Ti ricordi il &#8220;pezzenti&#8221; perché secondo loro qualcuno non faceva le famose sponsorizzazioni correlate ? Ecco ora il nodo è venuto al pettine e l inter si troverà un disastro economico perché i cinesi hanno chiuso i rubinetti.


----------



## SoloMVB (3 Giugno 2021)

Mi sorprende chi si sorprende,eppure la storia è la stessa da 10 anni,e qualcuno lo scrisse 1 mese fa,occhio che la Champions cambierà poco o nulla al mercato,buon Chala a tutti quelli che reputano troppi i soldi per De Paul.


----------



## SoloMVB (3 Giugno 2021)

diavoloINme;2354771 ha scritto:


> In modalità sostenibile si devono mandare giù di questi bocconi amari.
> Il mercato sarà solo un gioco di incastri tra entrate ed uscite.
> Una roba insomma alla lotirchio ma con un fatturato leggermente superiore.

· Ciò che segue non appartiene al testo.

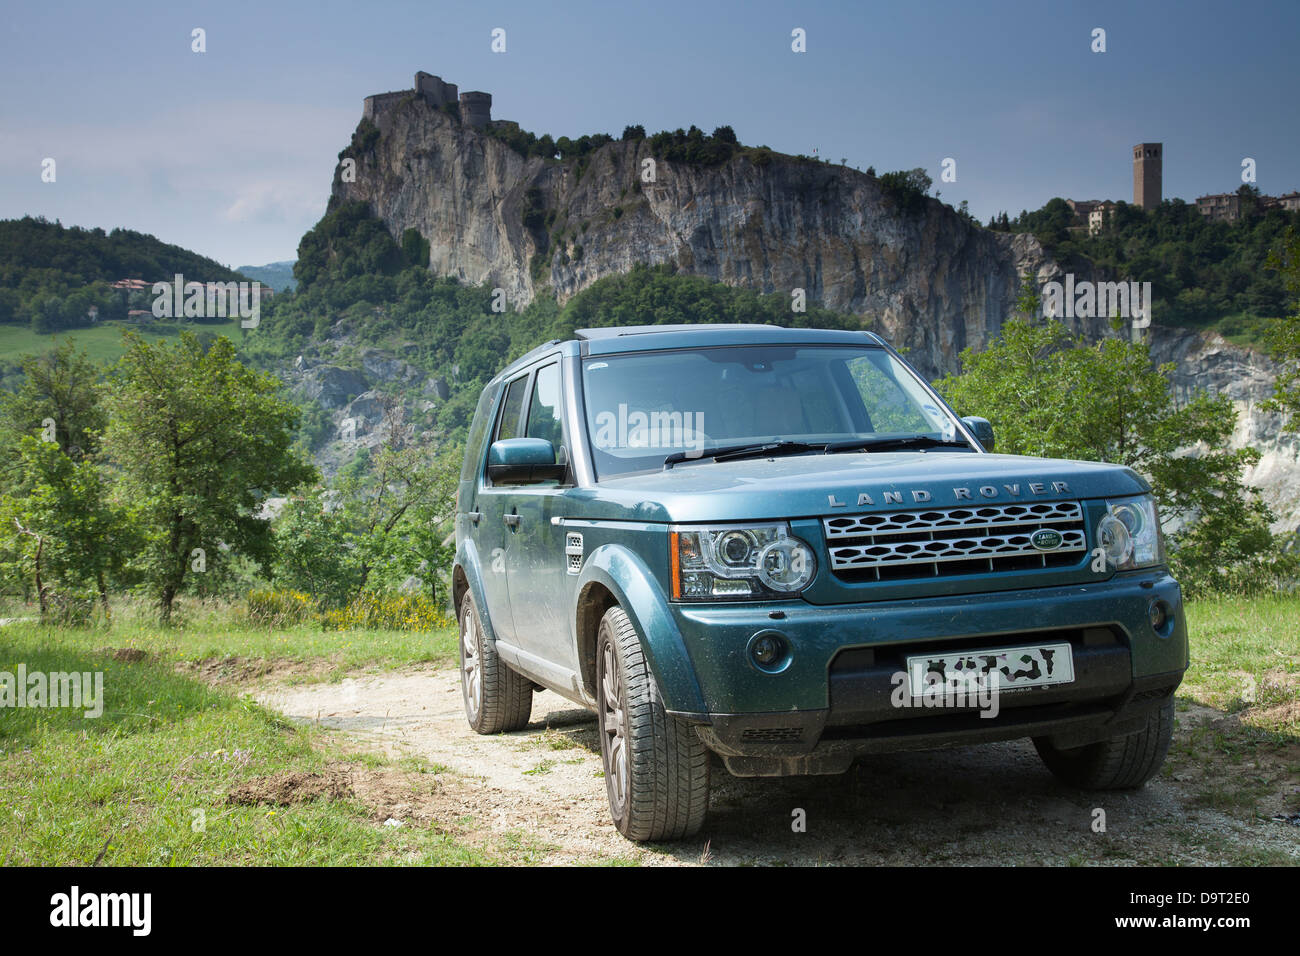 Land Rover, Marche, Italien Stockfoto

D'altronde l'obbiettivo è incassare meno di 20 gol al girone,dovremmo riuscirci.


----------



## diavoloINme (3 Giugno 2021)

Super_Lollo;2354805 ha scritto:


> È un dato di fatto non contestabile.
> Il bilancio recita -X milioni di euro ( non ricordo la cifra esatta ) quindi volenti o nolenti prima o poi dovranno farci i conti.
> Poi se vogliamo star qui a far finta che i bilanci non esistano che la Juve è fuori da tutti i controlli e costi facciamolo senza problemi, ma si è visto chi 1 anno fa elogiava Suning ( per dar contro a Elliot ) che fine ha fatto.
> Scomparso lui e inter con le pezze al c.
> Ti ricordi il &#8220;pezzenti&#8221; perché secondo loro qualcuno non faceva le famose sponsorizzazioni correlate ? Ecco ora il nodo è venuto al pettine e l inter si troverà un disastro economico perché i cinesi hanno chiuso i rubinetti.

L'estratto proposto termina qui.